Maybe this? I have some I got from voler some years back that are similar to the link below thin and tie in back.

http://www.voler.com/browse/product/li/1240422


----------



## Migen21 (Oct 28, 2014)

I sweat buckets, even when it's not hot. 

I've tried a *lot* of sweatband type products. I have to wear them to keep sweat out of my prescription sunglass lenses.

The only one that I've found that really works well for me is the Headsweats Coolmax Shorty.
Our Products - Menu - Cycling Styles - Shorty - Headsweats

I had fairly good success with a Pearl Izumi light fabric sweatband, but on the hotter days, it just didn't hold up as well as the Headsweats. They are also a tad tighter on my head than the Headsweats, but they'll do in a pinch.
Transfer Lite Headband | Pearlizumi


----------



## PoorInRichfield (Nov 30, 2013)

Thanks for the suggestions, guys! 

The Voler bands look like exactly what I was looking for... cheap and tie in the back for my large pumpkin head!

I'm very tempted to try something like the Headsweats Shorty... not only do they look like they'd do a good job of keeping sweat off my glasses, but they'd also keep bugs out of my hair!

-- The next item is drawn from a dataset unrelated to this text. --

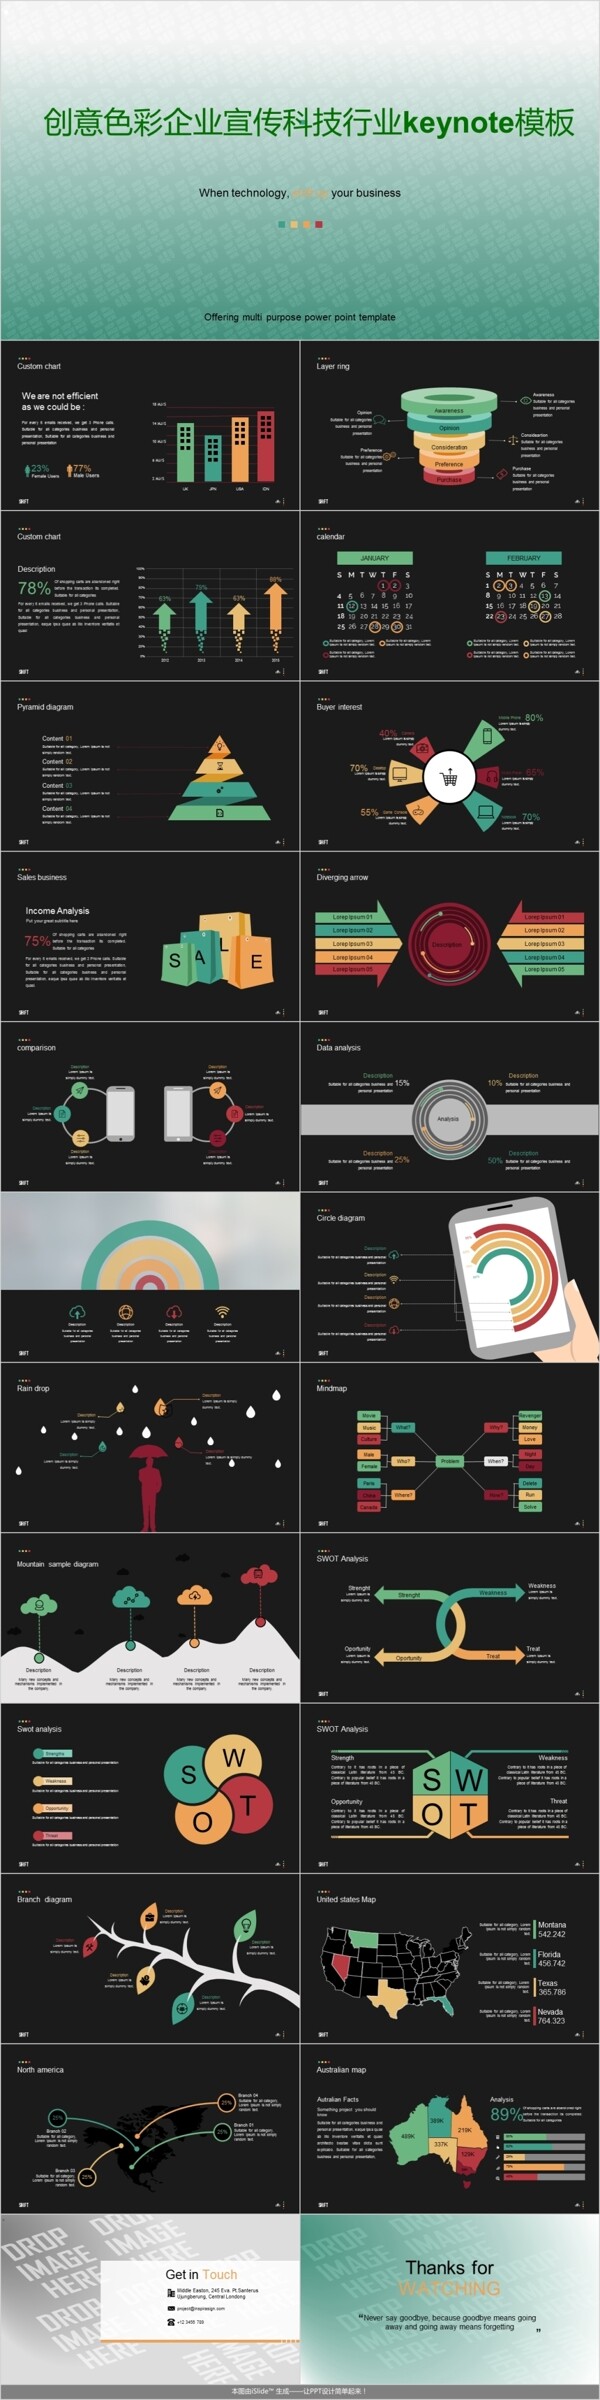 创意色彩企业宣传科技行业keynote模板6

I swear I must be the only one on the planet that gets bugs (and bees!) in the vents on my helmet. I have one helmet that has mesh over the vents to help prevent that, but my newer helmet doesn't.


----------



## Migen21 (Oct 28, 2014)

One of the things I like about the shorty (besides that they fit my head perfectly), is that the additional material over the top of your head helps wick the sweat back and away from the brow area. For me, the bands that wrap around, but don't go over the top, tend to build up a lot of sweat in a small area. One tip of the head the wrong way, and sweat comes gushing out. 

The evidence for me that the Shorty works, is that little tail thing in the back is always soaked and dripping sweat. Sweat dripping off the back of the Shorty is MUCH preferred to having it gushing down into my face and onto my prescription sunglasses.


----------



## fast ferd (Jan 30, 2009)

Sounds like you found a solution. It surprises me the Halo one does not work well for you. Unless you did not buy their tie-in-back version. I tied mine (I own two) with a good square knot about six years ago and never needed to re-do it, even thru countless launderings. The Halo stretches nicely and, while slightly thicker, soaks up the sweat well. My suggestion is to let the knot fall below your helmet adjustor. On longer or warmer rides, I carry the second one in my pocket to swap out mid-ride. Oh, and I dislike the mark the yellow band leaves, so I usually invert the band.


----------



## PoorInRichfield (Nov 30, 2013)

fast ferd said:


> It surprises me the Halo one does not work well for you. Unless you did not buy their tie-in-back version.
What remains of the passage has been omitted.